A Zedlewski: If you ask developers how long it will take them to add a field or dimension to a database to answer a question that does not fit the original schema, you'll typically hear it takes from a few weeks to a few months. You have to pull that new field or dimension data off of archive storage, you have to append it to all your historical data, you have to update your data dictionary, you have to update your ETL jobs and you may also have to update parts of your batch reporting infrastructure. With a big data approach, you can keep all the original data granularity and add certain information in later, rebuilding it on the fly. Adding new variables and new dimensions is not a problem.
Q Lamont: Can you give an example of a specific current use case?
A Vesset: In Denmark, a wind turbine manufacturer was testing different sites to see if they were feasible locations for a turbine. The company used to have to spend a year gathering data about wind speeds and other environmental factors. Now, they get huge data sets from the National Weather Service and analyze it themselves using big data solutions. As a result, they have cut a year off their decision process and have saved money because they don't need to collect the data themselves. The results are as accurate as the ones they were getting from their previous method.

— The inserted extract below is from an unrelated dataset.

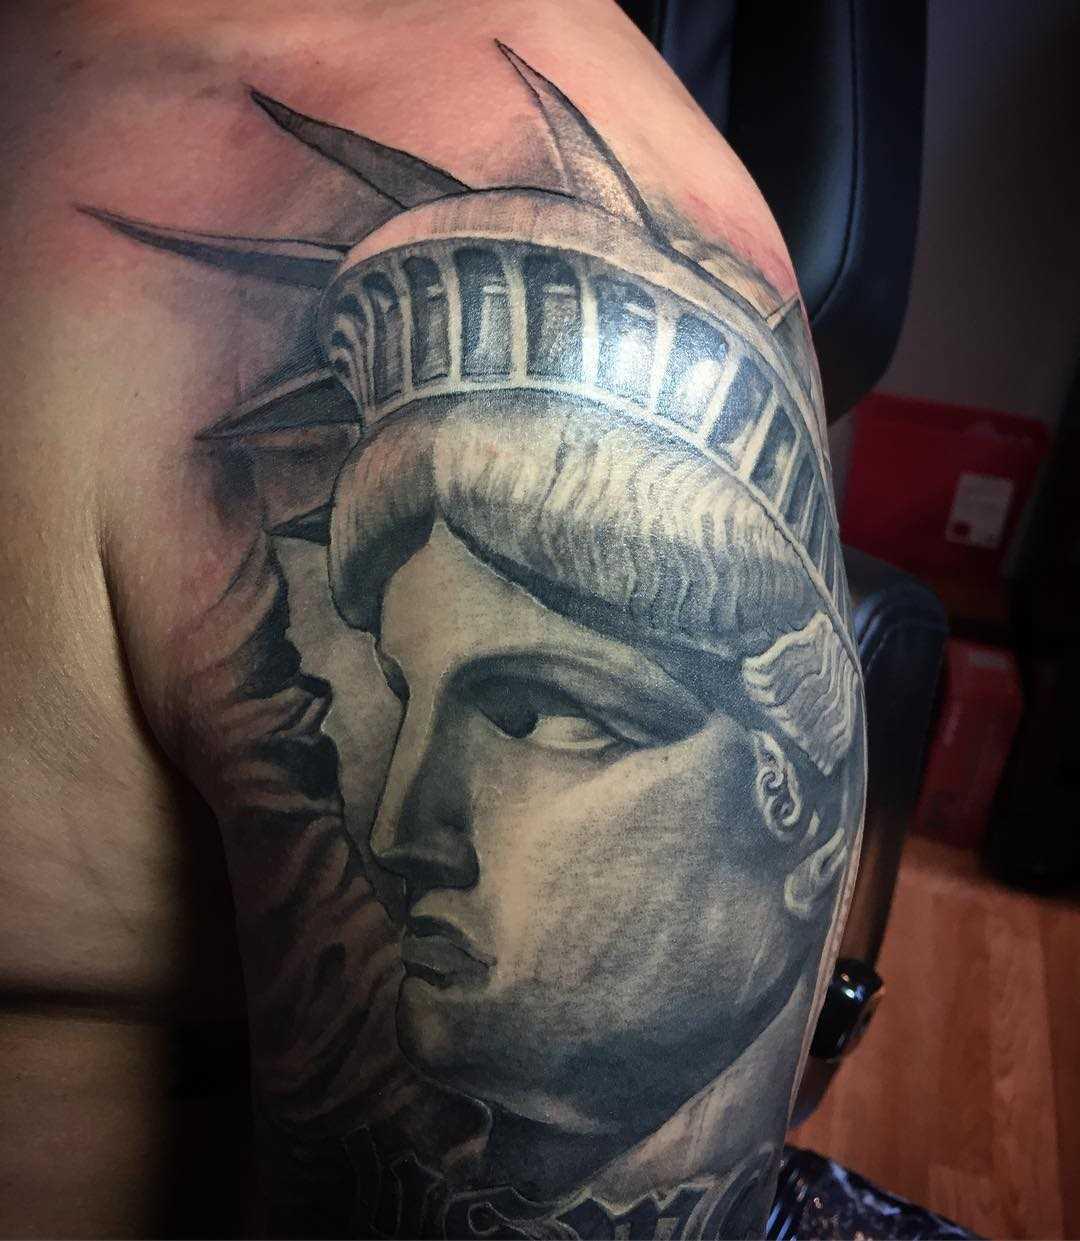 Imagem da estátua da liberdade no ombro de homens

Bhambhri: At the University of Ontario, IBM's big data solutions were used in a project called Data Baby. Premature babies are routinely connected to sensors that collect all kinds of data that provide insights into their medical condition. The volume of information is staggering-1,000 pieces of data per second, which was being aggregated into several ratings that the doctors and nurses check on during their rounds. However, infants were coming down with infections despite positive health indicators. In this big data application, patterns of data were correlated with the development of subsequent infections. Based on these patterns, researchers were able to predict the potential onset of infections 24 hours in advance, allowing preventive treatment. This work is now being used at other hospitals to predict events such as brain hemorrhaging in stroke patients. When you can process information this quickly, a lot of options open up.